By Brian E. Frydenborg (LinkedInFacebookTwitter @bfry1981) March 11th, 2016

AP

AMMAN — Liberals like myself were watching the Trump and base-led Republican self-immolation with a sense of glee over these past few months, even as we were disturbed; the crazier Trump, the Republicans, and Republican voters were acting, the better the chances that Hillary Clinton would be president. In one of the most shocking and rapid political surprises I have ever witnessed, the fire seems to have been put out as evidenced by last night’s Republican debate; expectations of the Republican Party’s demise have just been shattered as enough elites in the Party reminded everyone that the famous organization and discipline for which the Republican Party is known are back after seeming to have disappeared for the last half-year. This is bad news for Hillary Clinton and a Democratic Party trying to run damage control in the face of a tenacious and persistent Sanders insurgency.

Marvel in Miami

I came to realize something utterly shocking and terrifying towards the end of last night’s Republican debate. The political analyst in me is incredibly impressed with the Republican Party and its candidates, but the Democrat and American in me is more afraid for America than I think I have ever been in my life except for the days after 9/11.

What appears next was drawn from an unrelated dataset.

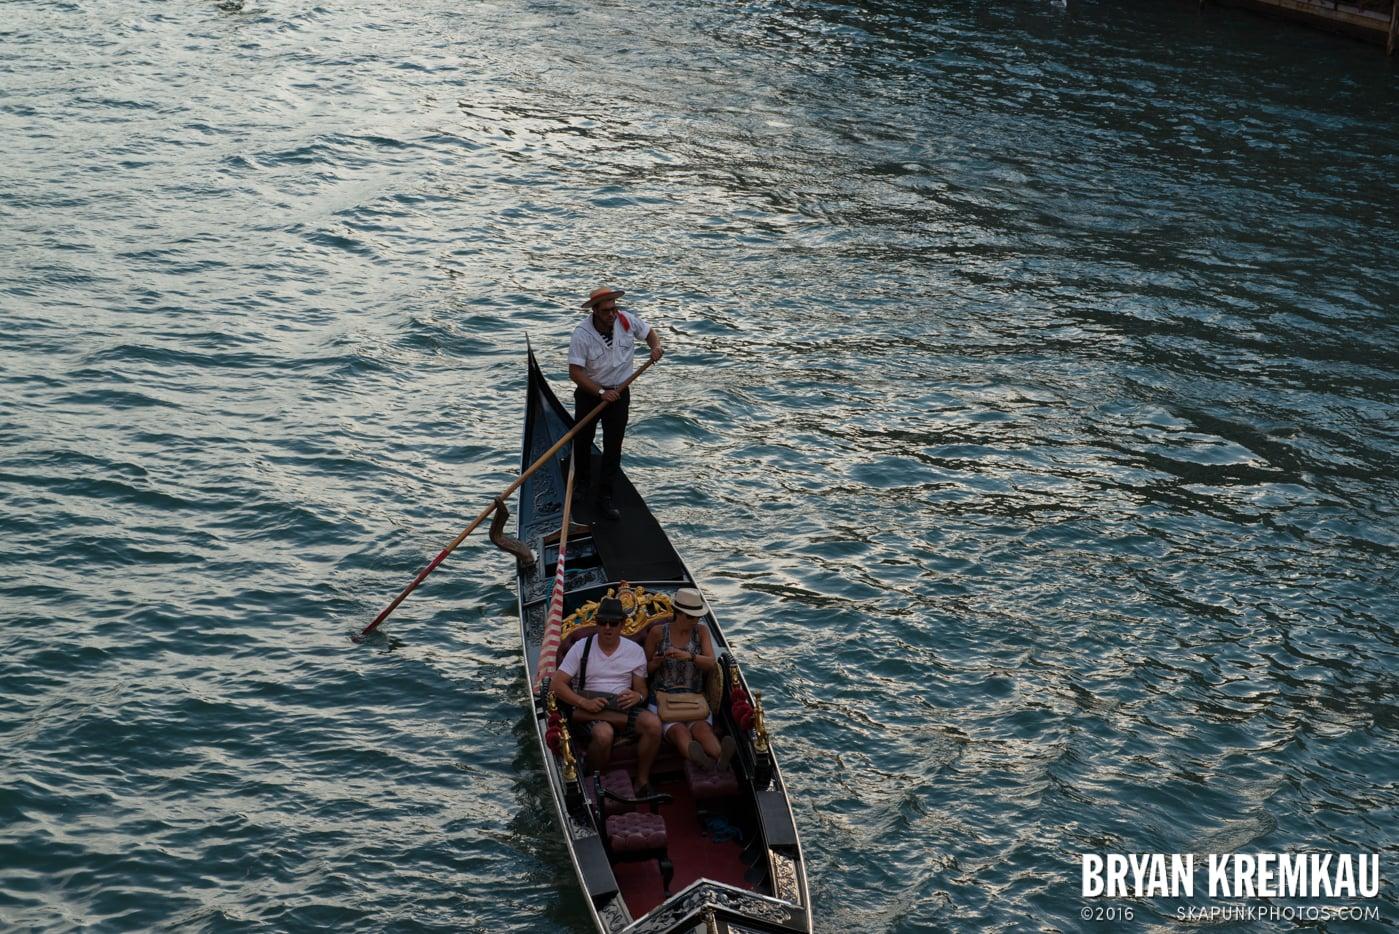 Italy Vacation - Day 6: Murano, Burano, Venice - 9.14.13 (15)

I realized that, almost overnight, the Republican Party (certainly not all of it, but enough of it) has realized that there is no good way short of a political miracle for it stop Trump without possibly destroying the Party and without certainly making a Democratic presidential victory a near-certainty; in light of this understanding, the Party has decided to stop trying to assault Trump and has signaled that it will simply conduct a relatively “normal” nomination contest from this day forward. In short, it has decided to stop the circus act into which the Republican nomination contest had devolved, and the understood price for this, since the Party knows it is extremely unlikely that Trump can be stopped by normal means, amounts to a tacit, reluctant acceptance that Trump will almost certainly be its nominee.

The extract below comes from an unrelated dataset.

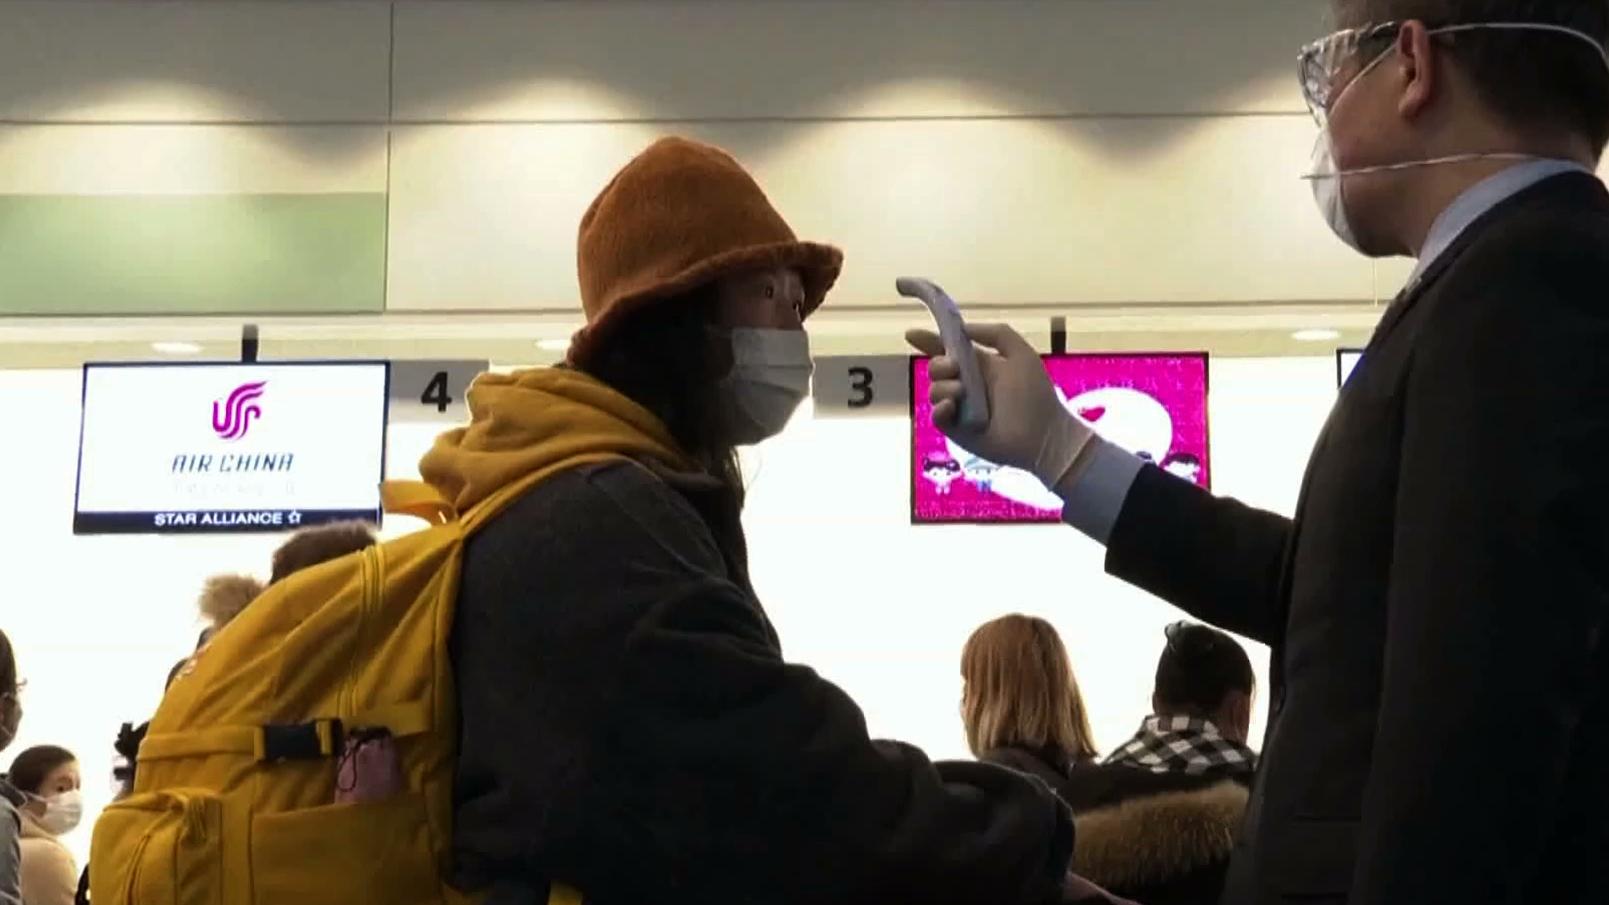 Osoby wracające z Włoch do Polski powinny się zgłosić, jeśli mają objawy grypy

The Picture Before the Debate

Consider that just a few days earlier the situation consisted of the following:

  • Not only Trump, but the big (naïve) hope of “The Republican Establishment,” Marco Rubio, had descended into the gutter, even talking about penis size on the campaign trail (Rubio), while Trump responded to this at a live presidential debate watched by millions.
  • Debate after debate, Democrats had been able to present a substantive, relatively polite, rational series of debates by their candidates (including a socialist) who appeared far more adult and presidential than the leading Republican candidates who were often acting like children. Clinton, Sanders, and many others were either only too eager (or, if conservative, were deeply embarrassed) to point out this indisputable contrast.
  • There was widespread talk of a brokered convention and/or a third-party to be formed to represent Republicans who did not want Trump to be their nominee, and not just by the media and non-Republicans, but many Republicans themselves. Republicans were saying they flat-out would not vote for Trump against Clinton.
  • Mitt Romney, the last Republican nominee, came out with an unprecedented-in-the-modern-era speech blasting Trump, who is the front-runner to succeed Romney, and did so in a way that pulled no punches and was bereft of any hint of civility; he went on a media and speaking tour driving all this home, and the two had been attacking each other viciously on Twitter even before this.
  • John McCain, the nominee four years before Romney, joined Romney in criticizing Trump, though far more civilly.
  • Paul Ryan, Romney’ vice presidential running mate in 2012 and the current Speaker of the House, had come out a few days earlier vehemently criticizing Trump’s rhetoric and failure to denounce the Ku Klux Klan during a live TV interview.
  • Marco Rubio, darling and a great hope to many Republicans, was on the verge of ruining himself as a political animal, and a Republican Party had every right to worry that it brightest young rising star had committed political suicide not just in this cycle but possibly in a way that would ruin his chances for major elected office permanently.
  • The Republican Party was clearly in a state of civil war, perhaps at a historic level and perhaps in such a way that the party would destroy itself, with it likely to be limping (fatally?) wounded into a November fight against a strong and prepared Hillary Clinton.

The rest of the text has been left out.